救急隊員さん同士の、「これは○○だね!」 「うん、□だね!」と、暗号のような単語がまざった会話が聞こえてくる。
え、○○ってナニ? □ってナニ? と(胸は痛いけど)興味をひかれる。
あとで分かったのだが、このときの会話は心電図を見ながらのものだった。
まもなくして、救急隊員さんの言うことには。
「呼吸音が正常なので、肺ではないと思います。
今まで指摘されたことがないかもしれませんが、あなたは不整脈です。」
「そおなんですか。」
それが重大事なのかよくわからないし、わたしは不整脈じゃない!って否定できる確信もないし、他にリアクションしようがない。

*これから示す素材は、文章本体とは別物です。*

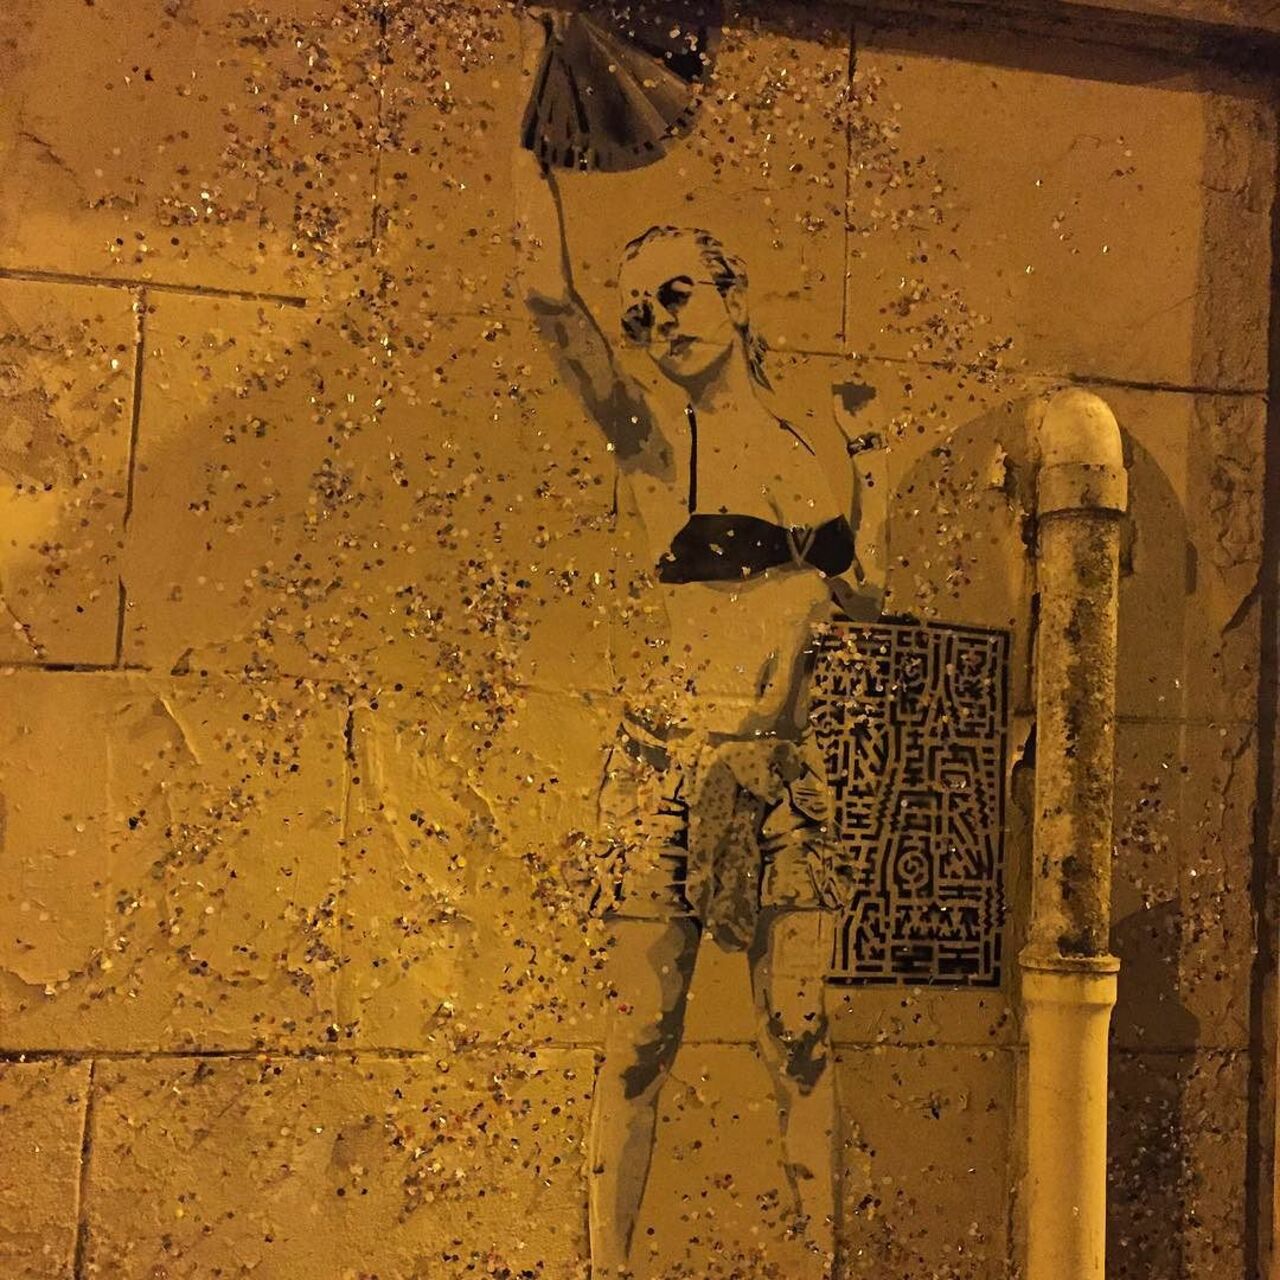 #Paris #graffiti photo by @dede_nesbitt http://ift.tt/1O3DrWo #StreetArt https://t.co/Wb8FR51391
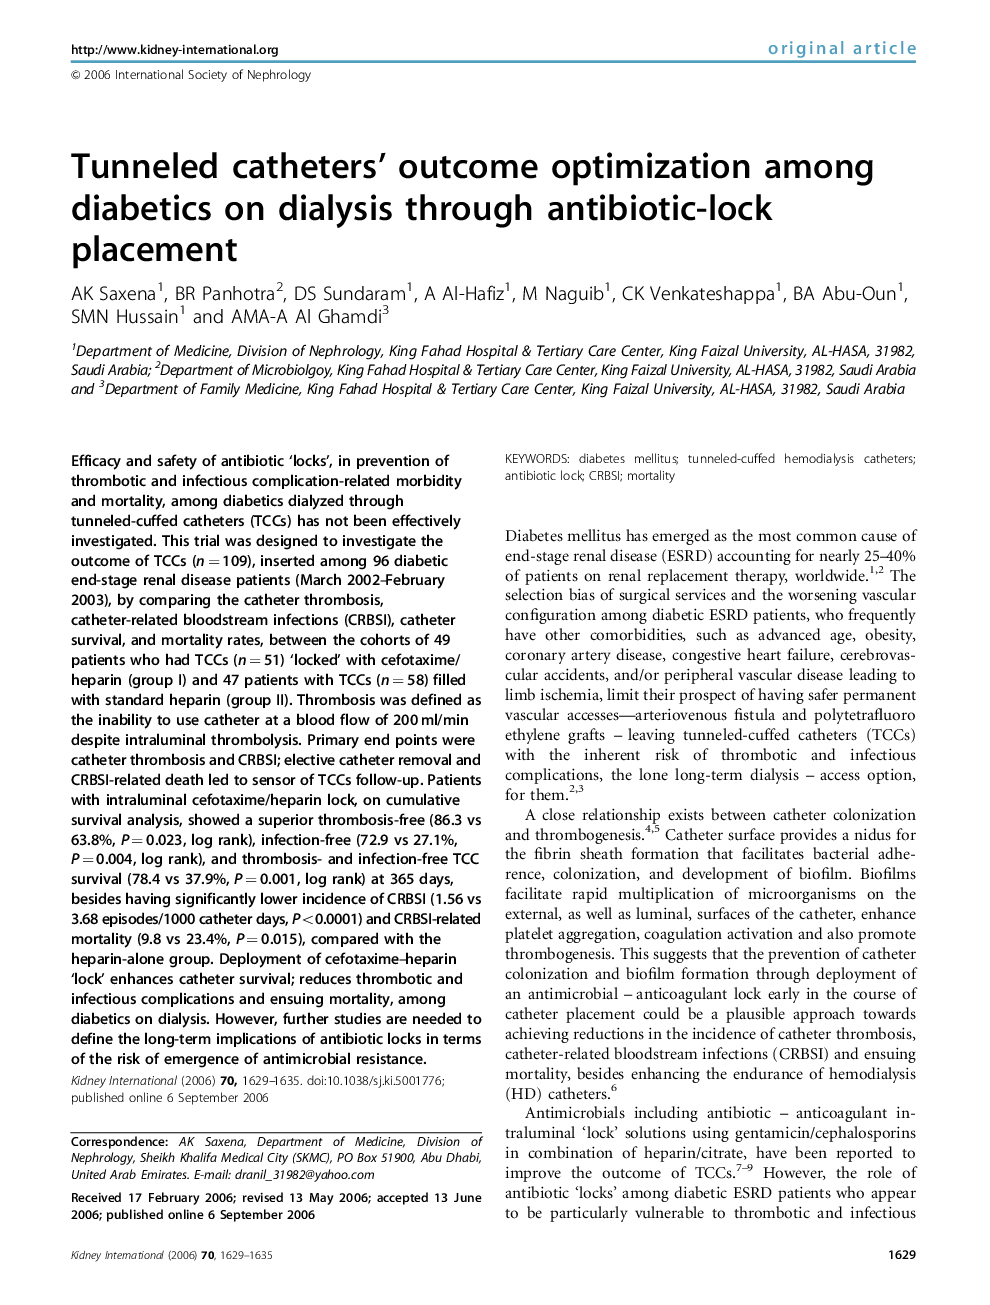 Tunneled catheters' outcome optimization among diabetics on dialysis through antibiotic-lock placement

でも、ここ二年くらいのあいだ、ときおり起こっていた胸の痛みの回答を、いま救急車内で、もらった気がした。
などのやりとりをしているうちに、病院に到着。走り出して10分経っていないかも。
救急車外に台ごとすべり降りて、「ER」と文字の入ったガラス戸を、通り抜ける。
(半身起こした状態なので、周囲がとてもよく見えるの)
ER内の診察台に(また半身起こした状態で)移ったら、そこでも再び同じような装着がセッティング。
気胸かもしれないので、寝たまま取れるレントゲンセットもやってくる。
血液検査もしてくれる、ってことで、採血もされる。
レントゲンの診断と血液検査の診断結果が出るのを、半身起こした状態の診察台で待っていると、次々と、救急車で搬送されてきた人のストレッチャーが、前を通過していく。
みんな意識を失っていたり、足が折れてるからね!という声が飛び交っていたりして、すごく重症そうな気がする。
わたし程度の症状で運んでもらって、恐縮です〜とひとり心中で思っていると、診断結果が。
レントゲンの結果、気胸は起こしていない。(良かったーっ)
心電図は、今はすっかり正常になっている。(そういえば、胸の痛みも治まっていた)
血液検査も異常なし。
そして、レントゲンでは見えない小さな気胸がないか、MRIをとりましょうか?と聞かれてびっくりする。
すっとMRIが差し出せるの?すっとMRIがとれてしまうの?
それだけ設備と人員が整っていた巨大病院だったのだ。
(とらなくていいです、と断ったけど、今にして思えば、せっかくの機会だったので、とっておいたほうがよかったかも)
こんな病院があるということに・・・首都の底力を感じた。
それにしても、救急隊員さんといい、ERの看護師さん、技師さん、医師さん。
みんな若いので、それもびっくりだった。
二十代から三十代前半じゃないかなあ。そうじゃないと、ERで働く体力が続かないのかもしれないけれど。
若い人々が、秋晴れの日曜日にERで、人生の後半に入った救急患者の処置をしてくれているなんてーっ。
ネットワーカーのほうがコストはいい、利口な働きかただ、という考え方もあるかもしれない。
でもきっと、周囲の人間をストレートに感動させるかどうかという点では、リアルワーカーにはかなわない。